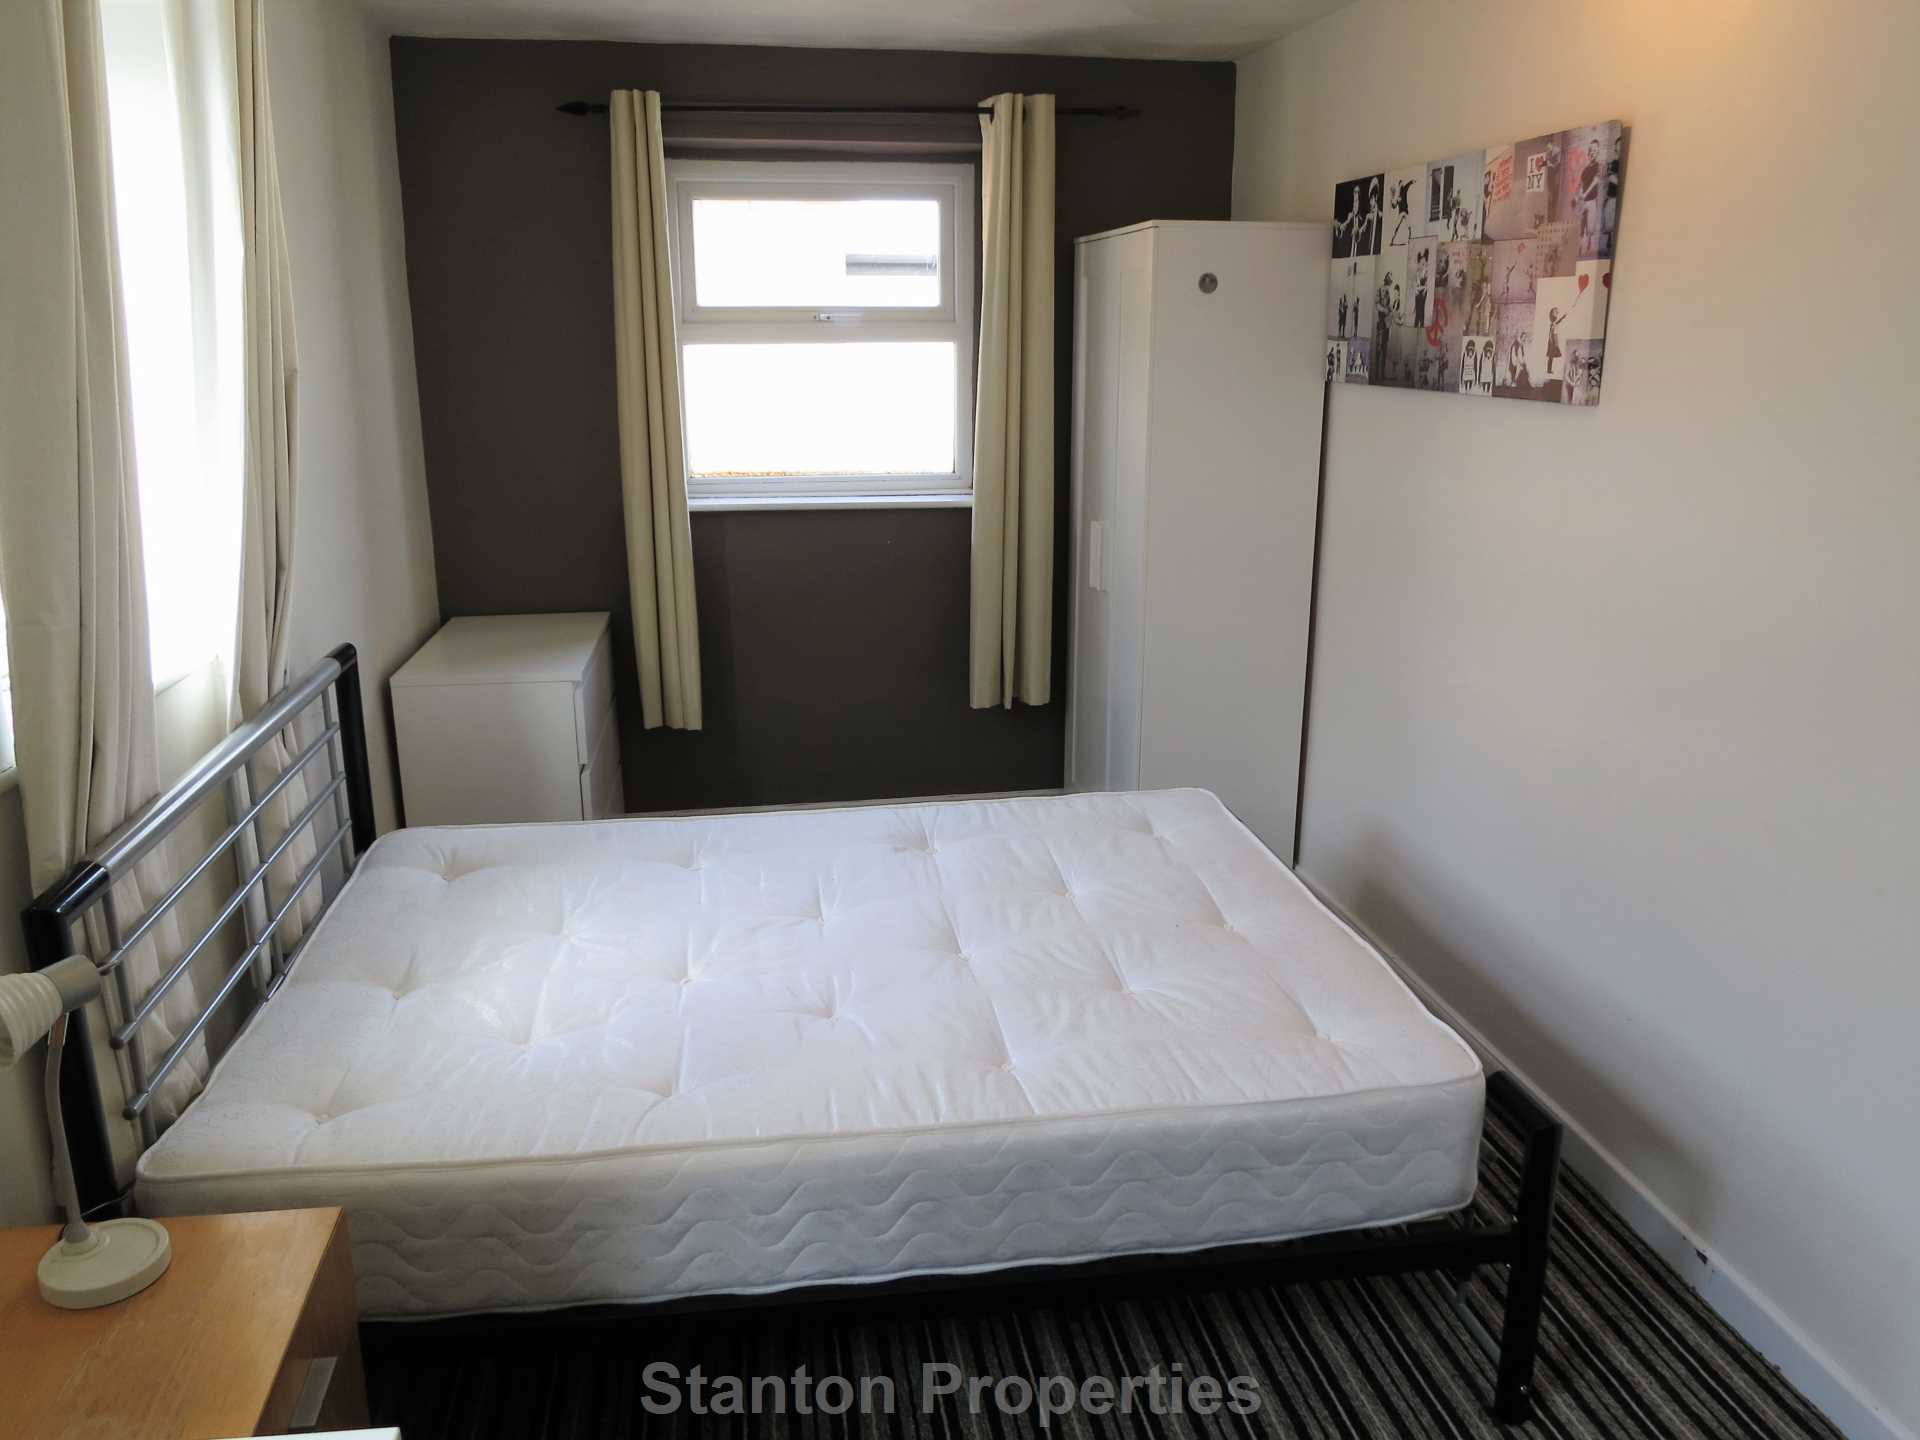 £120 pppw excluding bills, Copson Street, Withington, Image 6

============

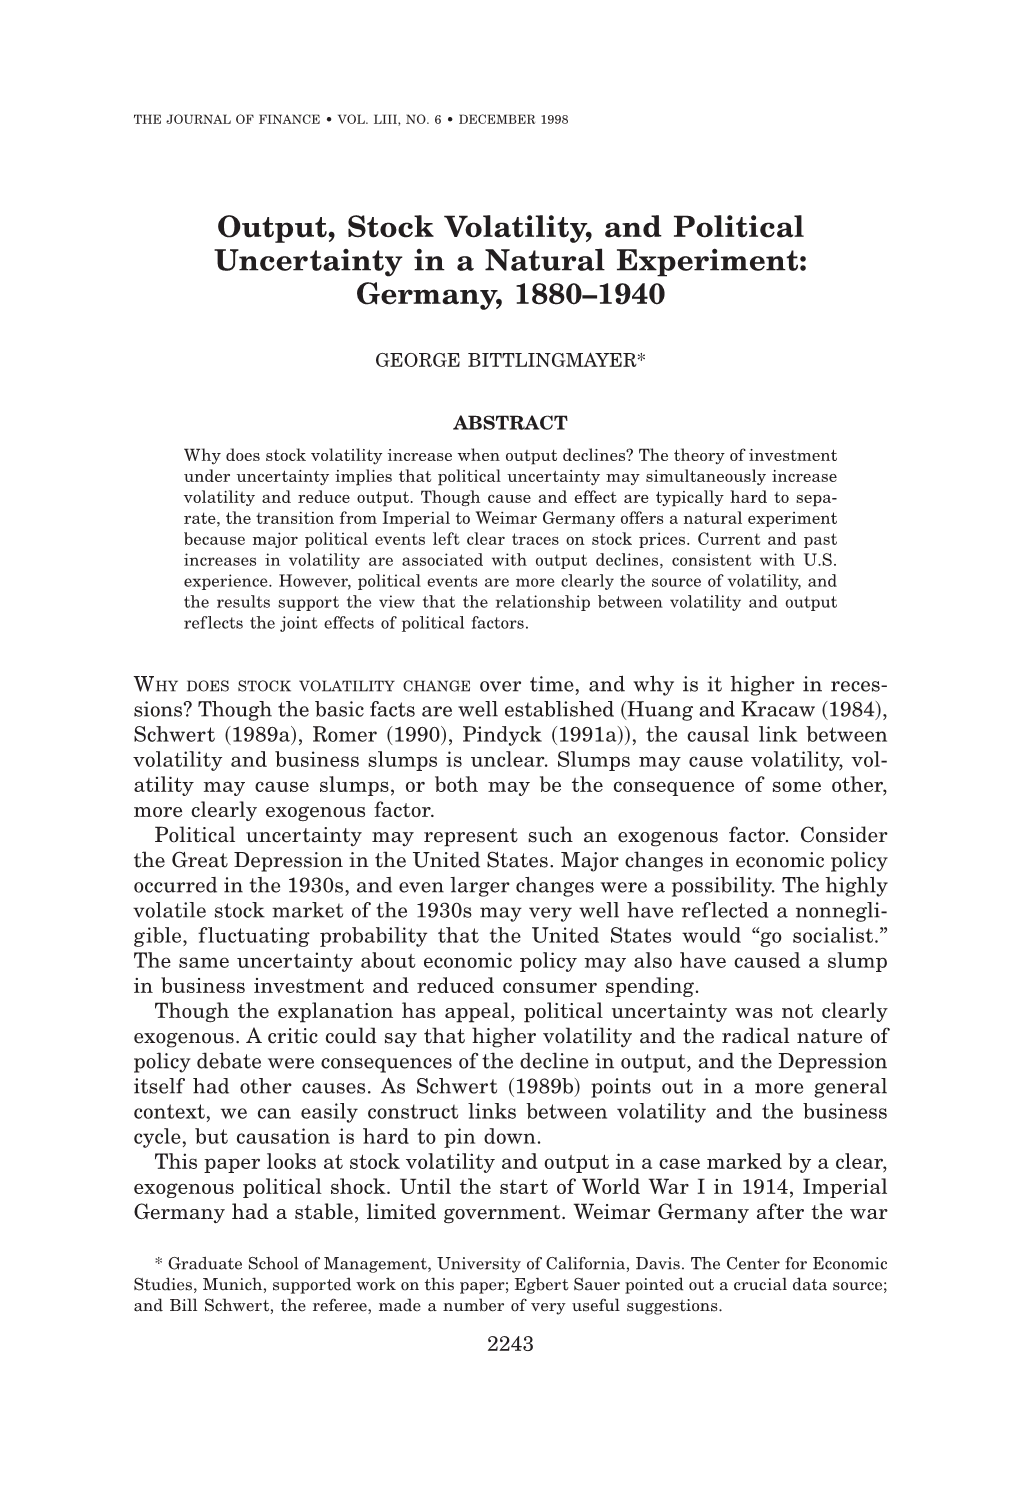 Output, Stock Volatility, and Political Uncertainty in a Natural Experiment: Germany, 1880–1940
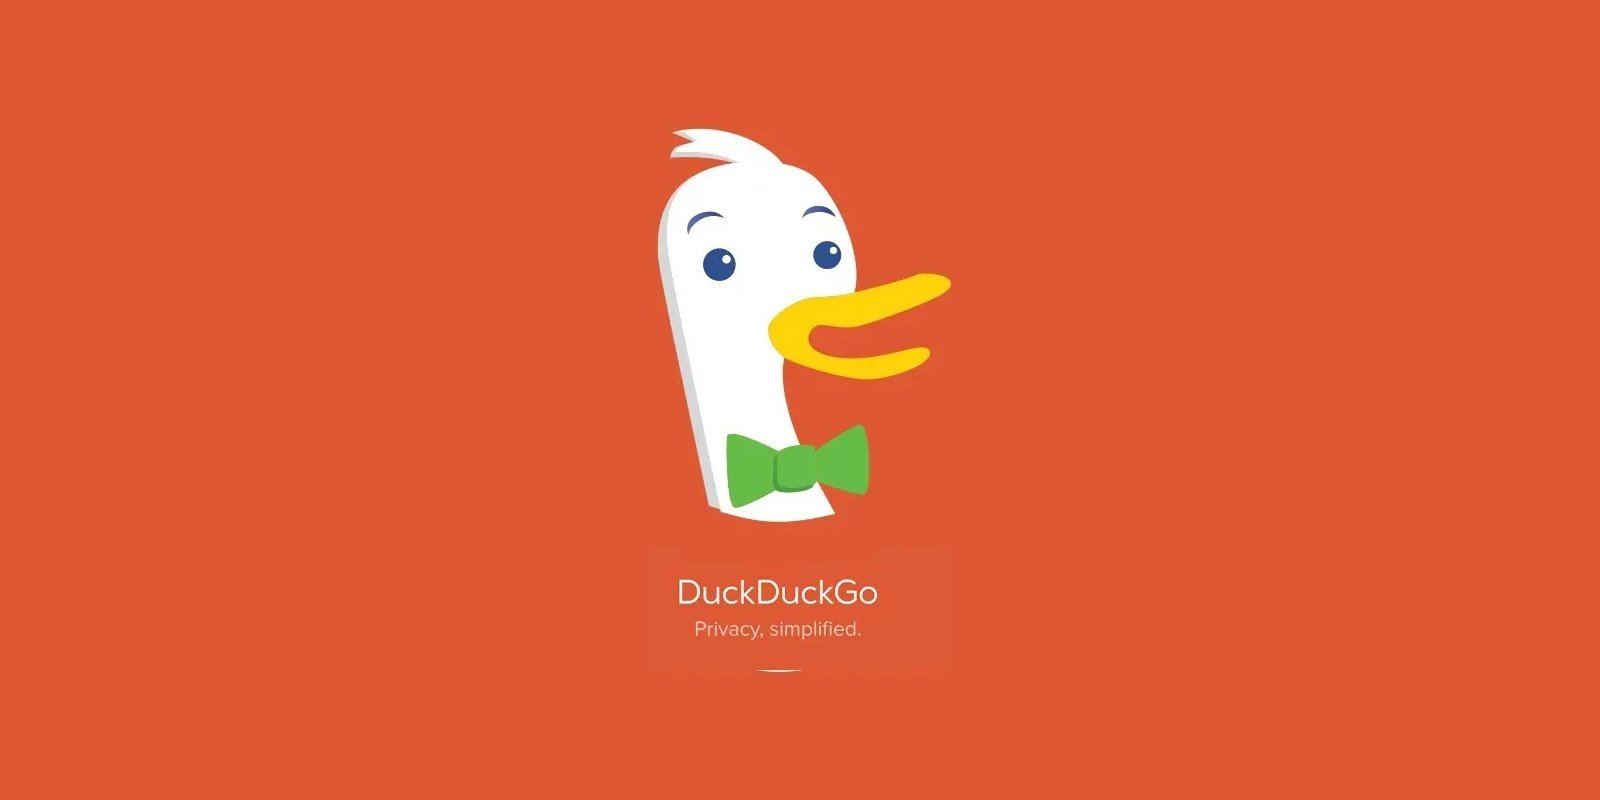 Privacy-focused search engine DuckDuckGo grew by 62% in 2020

============

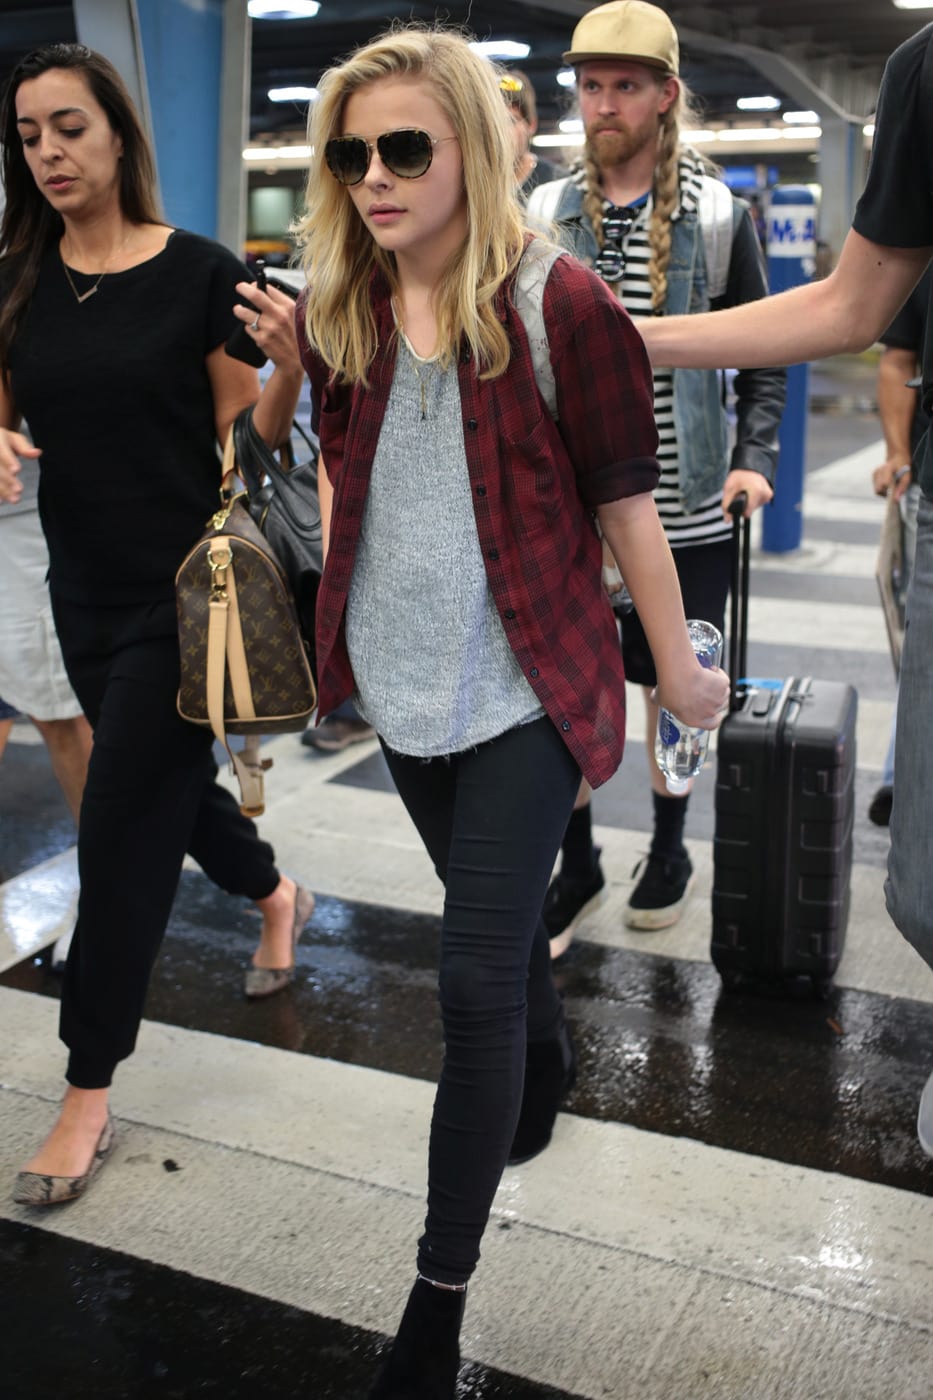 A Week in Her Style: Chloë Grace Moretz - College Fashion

============

Reproduce, word for word, everything in the listing above from the line containing "Output, Stock Volatility, and" down to the line containing "Privacy-focused search engine", both of them included. No pictures.

**Your response**
 Output, Stock Volatility, and Political Uncertainty in a Natural Experiment: Germany, 1880–1940
 Privacy-focused search engine DuckDuckGo grew by 62% in 2020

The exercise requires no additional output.